The IITC therefore resolves to reaffirm our unwavering support for the Gwich’in Nation in seeking permanent protection of the calving and post-calving grounds of the Porcupine Caribou Herd , the Coastal Plain of the Arctic National Wildlife Refuge, recognizing the inherent fundamental human rights of the Gwich’in and all Peoples to their own subsistence, cultures and way of life.
We strongly call on the North American industrial nations and communities to heed the alert of Global Warming impacts and alarming changes on Indigenous lands which we are now seeing. We call upon the United States of America and Canada to greatly increase their commitment to halt Global Warming and Climate Change by developing alternative energy technologies, practicing conservation techniques, raising fuel efficiency standards and reducing reliance on fossil fuel use.

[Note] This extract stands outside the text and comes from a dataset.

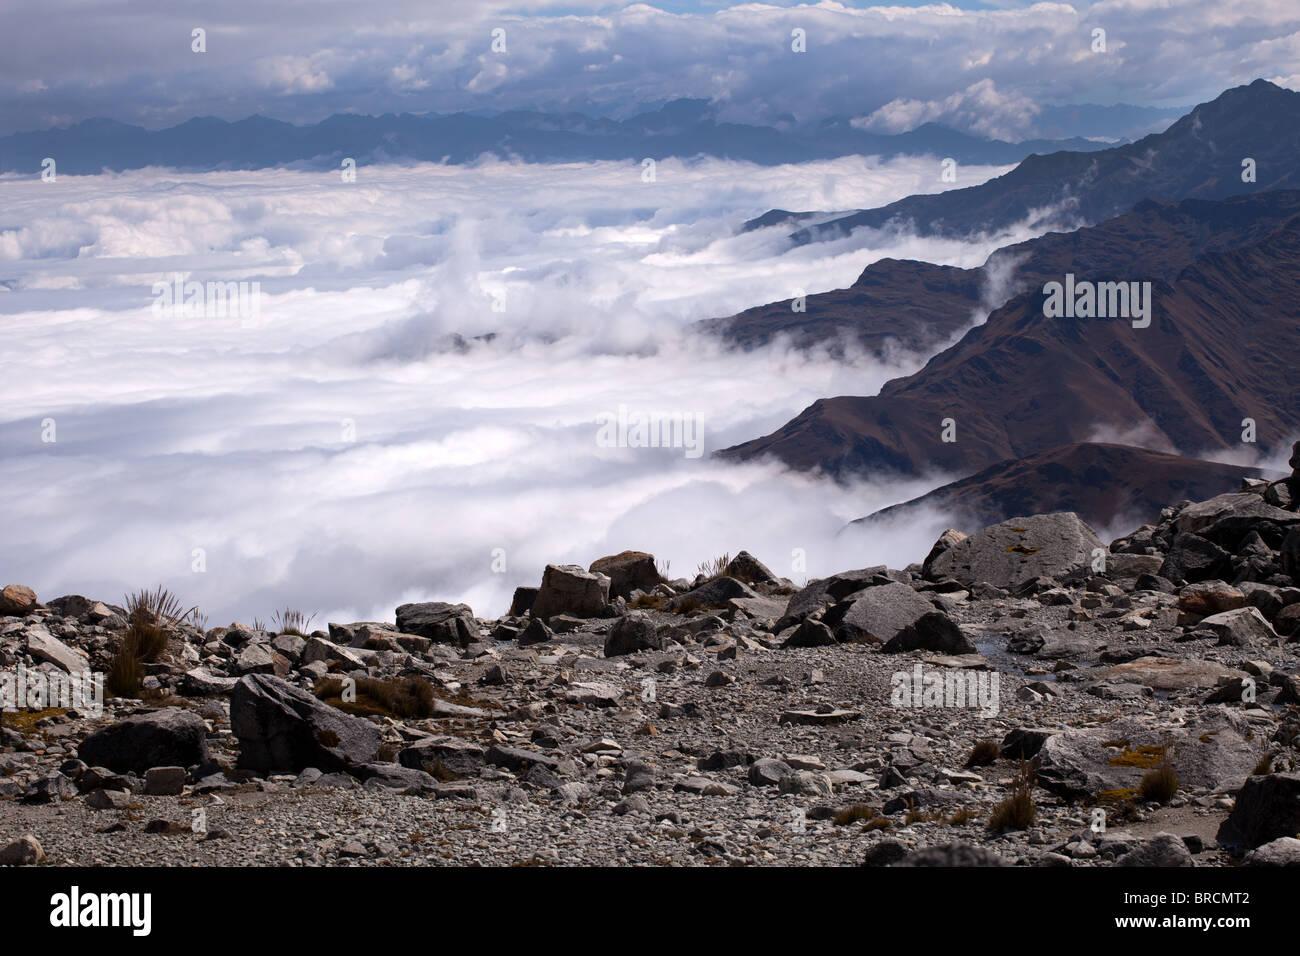 Cordillera Real: Laguna Glacial Trek: Above the Clouds - Stock Image

We call on the Industrialized Nations of the Pacific and Europe to also heed our cry and adequately address this issue.
We call on Political, Environmental and Spiritual leaders of the world to respond to the needs of the Gwich’in People and all Indigenous Peoples of the world, and the very life itself.
In addition we realize that serious climate change progress, with increasingly devastating signs of temperature increase in the Arctic seriously threatens to have tragic and catastrophic consequences on many parts of the world.
Glacial melt at unprecedented levels caused by fossil fuel extrication, development and consummation threatens to have increasingly devastating impacts on climate change, global warming, and rising sea levels with worldwide profound environmental effects. This directly threatens low level island Indigenous Peoples and coastal communities and impacts the ecosystems, lifestyle, cultural and spiritual values of the Indigenous Peoples of the world.
We call on Governments, Trans-National Corporations and extractive industries to cease their destructive activities that threaten all of life and to respect the inherent right of all Peoples to enjoy a healthy environment and ecosystem by prohibiting more unsustainable developments affecting Indigenous lands.
We call for a moratorium of fossil fuel extraction and all other forms of unsustainable imposed development which result in Global Warming with its devastating impacts on our ecosystems, Indigenous lands and the health and well being of future generations.